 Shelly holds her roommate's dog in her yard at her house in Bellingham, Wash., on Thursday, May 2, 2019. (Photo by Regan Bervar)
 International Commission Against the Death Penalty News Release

● ● ● ● ●

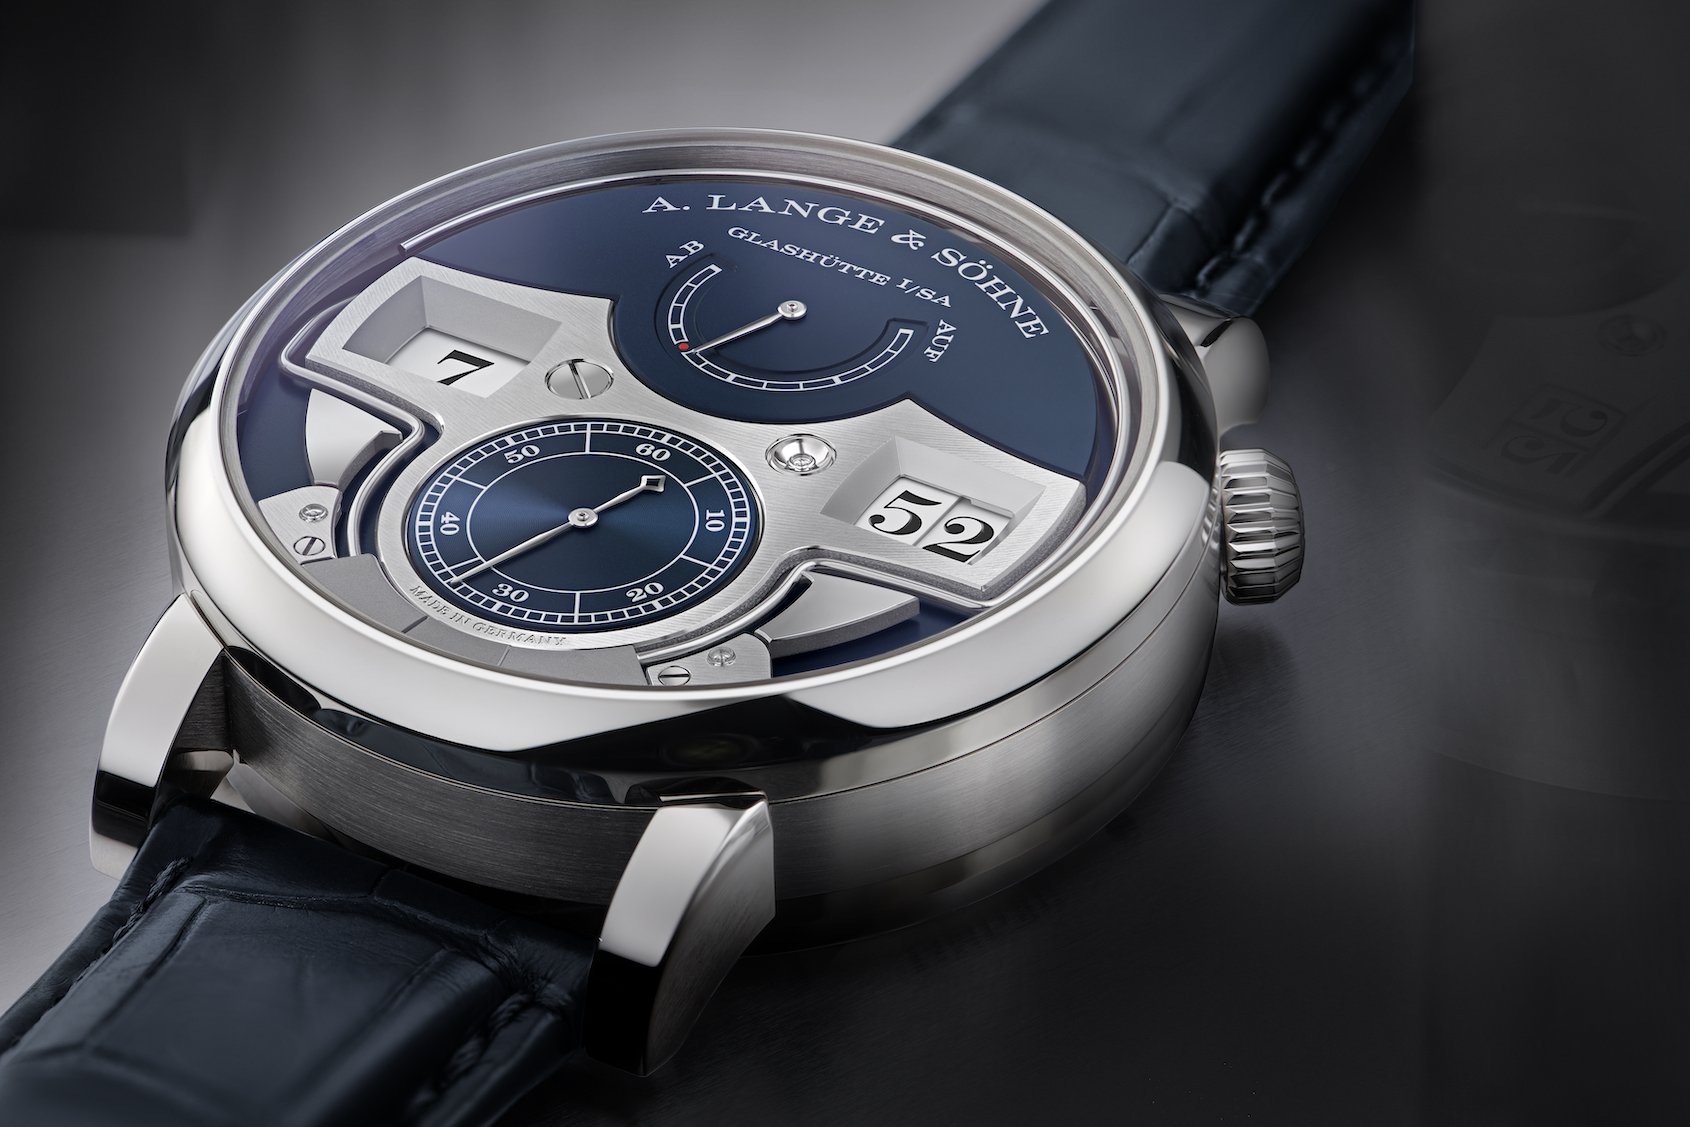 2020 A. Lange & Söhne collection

● ● ● ● ●

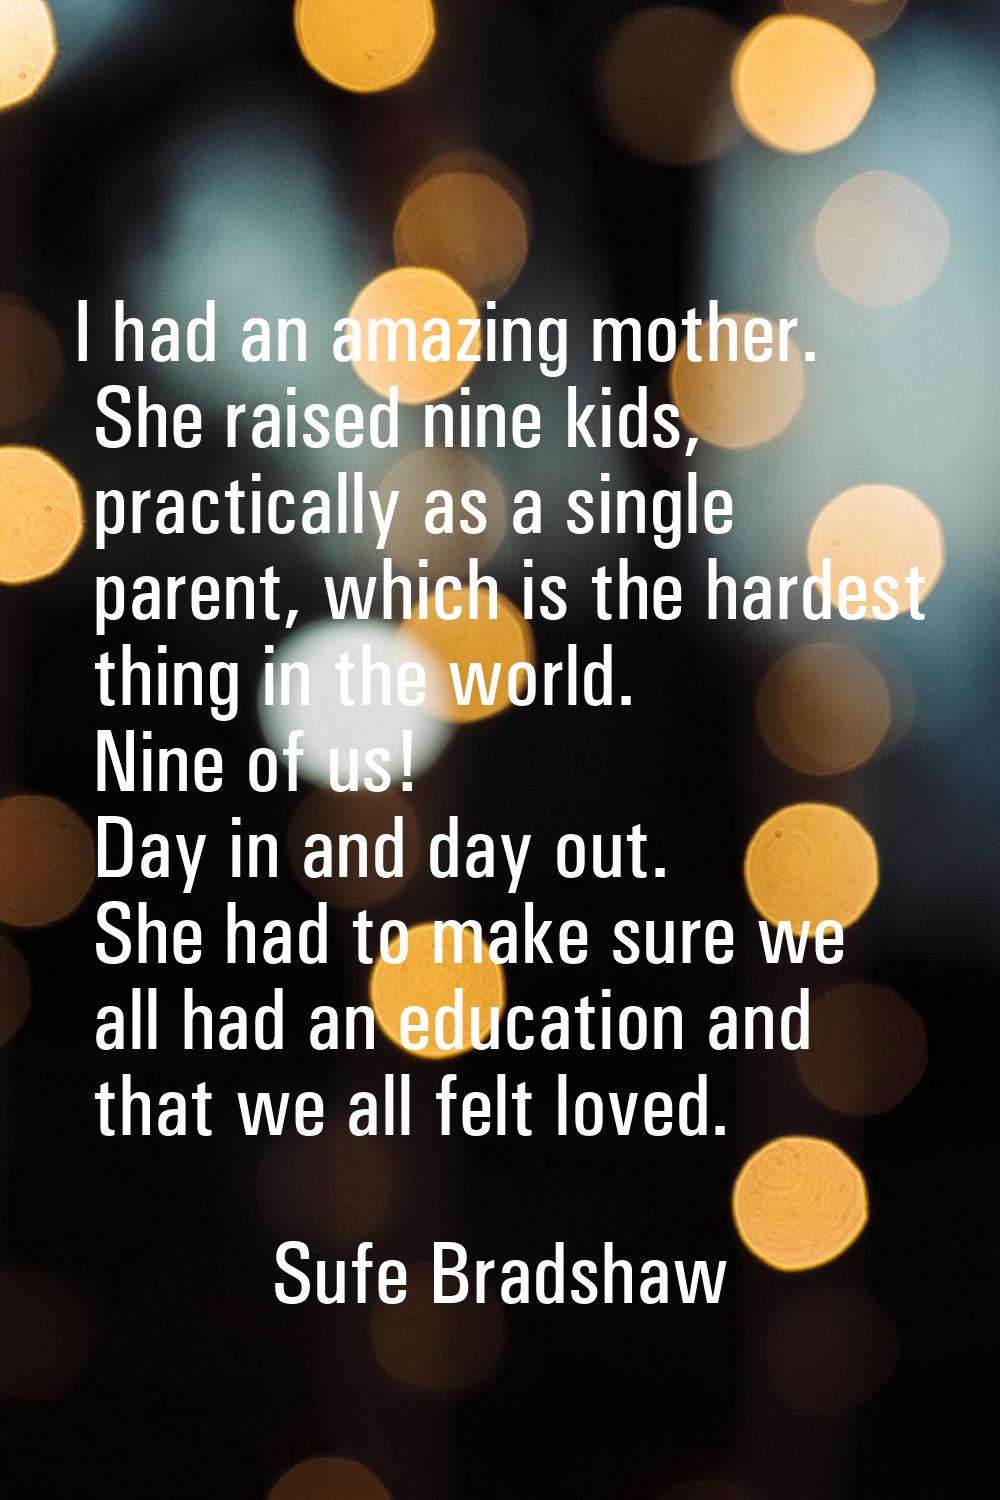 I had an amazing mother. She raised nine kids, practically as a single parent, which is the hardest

● ● ● ● ●

All that should be written out is the stretch of lines above between the one holding "Shelly holds her" and the one holding "International Commission Against", inclusive, exactly as given.

(Final answer)
 Shelly holds her roommate's dog in her yard at her house in Bellingham, Wash., on Thursday, May 2, 2019. (Photo by Regan Bervar)
 International Commission Against the Death Penalty News Release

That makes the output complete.